Ante aquel tribunal, y ante aquel auditorio, ninguna necesidad había de
explicar cómo poseía Defarge aquel terrible documento que acababa de
hacerse público, cómo no lo había tampoco de hacer saber que el nombre
de aquella familia odiada figuraba desde largo tiempo antes en los
formidables registros de San Antonio. No había nacido el hombre capaz
de defender al mortal sobre quien pesase tan grave denuncia.
Venía a agravar hasta lo infinito la situación del condenado la
circunstancia de que su delator fuera un ciudadano conocidísimo y muy
respetable, su amigo del alma, nada menos que el padre de su mujer. Una
de las aspiraciones más corrientes en el populacho era la de imitar
las virtudes públicas de la antigüedad, sacrificarse por la causa del
pueblo, inmolar los efectos más tiernos en aras de la República. He
aquí por qué, cuando el Presidente dijo que el buen médico republicano
no vacilaba en dejar viuda a su hija y huérfano a su nieto, a trueque
de exterminar una familia de perniciosos aristócratas, las turbas
dieron rienda suelta a un fervor patriótico salvaje, sin que en ningún
pecho vibrasen las cuerdas de la simpatía humana.
--¿Conque le has rodeado de influencias poderosas, eh, doctor?--murmuró
la señora Defarge, mirando, sonriendo, a La Venganza--¡Sálvale, doctor,
sálvale ahora, si puedes!
Los jurados se expresaron por medio de rugidos. Cada voto emitido fué
un rugido, la sentencia, una sucesión de rugidos.
Poco se hizo esperar el fallo. Carlos Evrémonde, por otro nombre
Darnay, aristócrata de corazón y de sangre, enemigo de la República y
feroz opresor del pueblo, volvería a la Conserjería para ser decapitado
a las veinticuatro horas.
XI
SOMBRAS
La feroz sentencia que condenaba a la última pena a un inocente fué
para la esposa sin ventura agudo puñal que traspasó su tierno corazón.

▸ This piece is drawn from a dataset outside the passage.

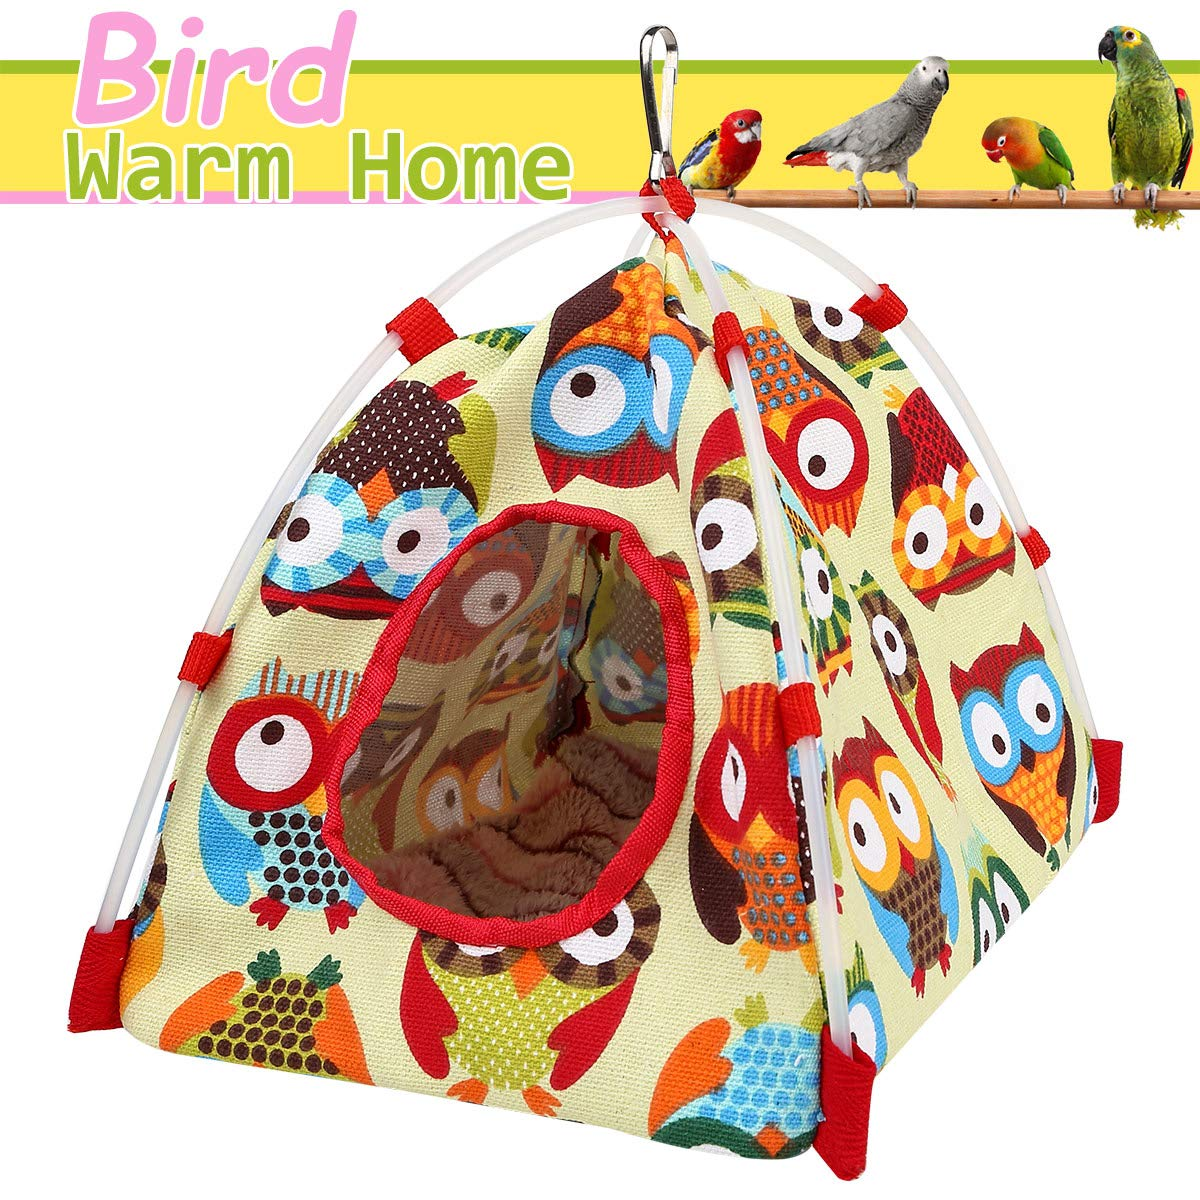 Aigou Bird Toys, Bird Hammock, Parrot Hanging Tent, Bird Nest House Bed, Parrot Habitat Cave Hanging Tent, Intelligence & Physique Improvement Cage Decor for Small and Medium Animals Parrot(Yellow)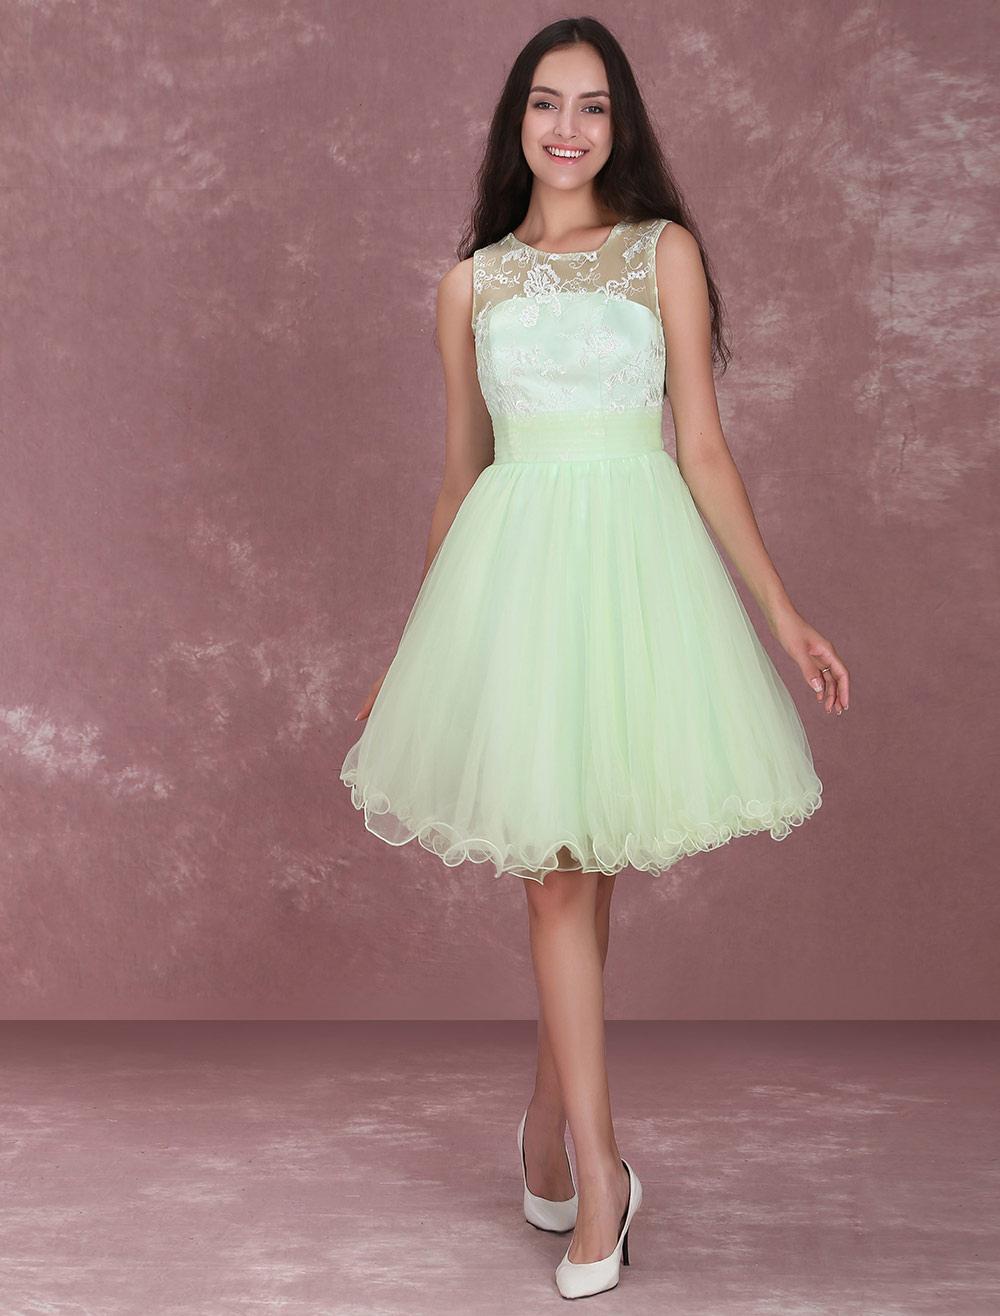 Light Green A-Line Lace Tulle Bridesmaid Dress (Wedding Bridesmaid Dresses) photo

No exhaló, sin embargo, la infeliz un quejido; en el fondo de su alma
se alzó una voz potente que la marcó el camino de su deber, diciéndola
que su obligación era sostener a su esposo adorado en vez de acrecentar
con las suyas sus agonías, y ante el conjuro de aquella voz, la joven
se irguió arrogante, sobreponiéndose a los efectos del tremendo golpe
recibido.
Los jueces levantaron la sesión para tomar parte en la bulliciosa
manifestación pública que no podía menos de tener lugar después del
incidente de la vista, y muy en breve, abiertas todas las puertas de
la Sala de Justicia, salía el público, indiferente al dolor de Lucía,
que tendía sus brazos anhelantes hacia la plataforma donde quedaba su
marido.
--¡Si me fuera dado llegar hasta él, Dios mío! ¡Si pudiera darle un
abrazo, uno solo! ¡Oh ciudadanos! ¡Buscad en vuestros pechos un resto
de piedad y acceded a una súplica que os hago de rodillas!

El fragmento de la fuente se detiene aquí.